One of the more revolutionary reactor designs in the nuclear industry today is Searete LLC’s traveling wave fast breeder reactor. 

Instead of using highly enriched uranium or plutonium as nuclear fuel, the traveling wave reactor uses natural uranium (U-238), or depleted uranium from used fuel rods from other reactors.  Since 99% of all naturally occurring uranium is U-238, the traveling wave reactor would eliminate the need for uranium processing plants.  Even though little is known about the operational details of the traveling wave reactor, recently published patent applications fill in some of the details.

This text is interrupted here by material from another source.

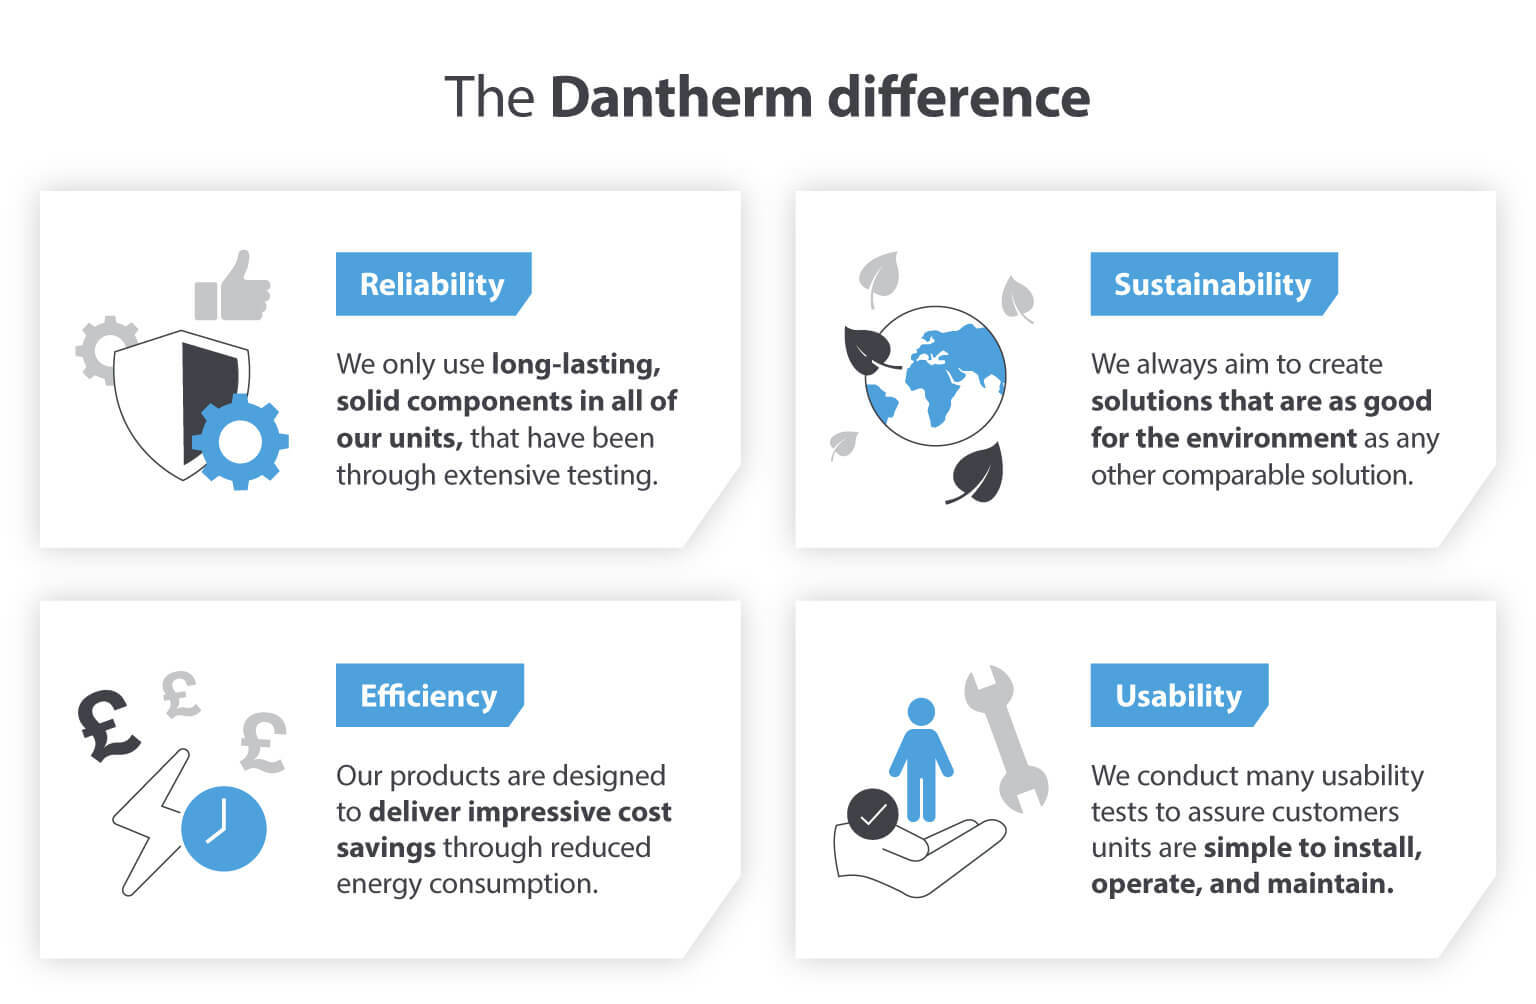 The Dantherm difference

The patent applications discuss a class of nuclear reactors known as fast breeder reactors.  Fast breeder reactors utilize high-energy fast neutrons to sustain the fission process.  Fast breeder reactors create (or breed) a large amount of fissionable material as it is operating, and often creates more fuel than it consumes.  During the fast fission process, uranium-238 absorbs a fast neutron and becomes uranium-239.  The uranium-239 then decays into neptunium-239, which then decays into plutonium-239.  The plutonium-239 created during the fast fission process can be either immediately used in the nuclear reactor for further fissioning, or it can be removed from the reactor and enriched for use in weapons.

Traveling Wave Reactor Technology
 A recently published patent application, Pub. No. 20090252273, describes a fast breeder reactor that can operate for 50-100 years without refueling or removing any used fuel from the reactor.  It utilizes a process disclosed as a “nuclear fission deflagration wave” to harness energy from nuclear fuel.  The application describes an energy wave moving at a “glacial” pace from one side of the nuclear fuel to the other, releasing energy and creating new fissionable material along the way.

The deflagration wave propagates across nuclear fuel much like a cigarette burns from the tip towards the filter.  The glowing red embers in the cigarette represent the deflagration wavefront traveling across the nuclear fuel.  However, unlike a cigarette, a significant amount of fissionable material is being created at the wavefront which can be immediately used to continue the nuclear fission process.  In other words, the traveling wave reactor creates Pu-239 which it then immediately uses as fuel to further propogate the deflagration wave.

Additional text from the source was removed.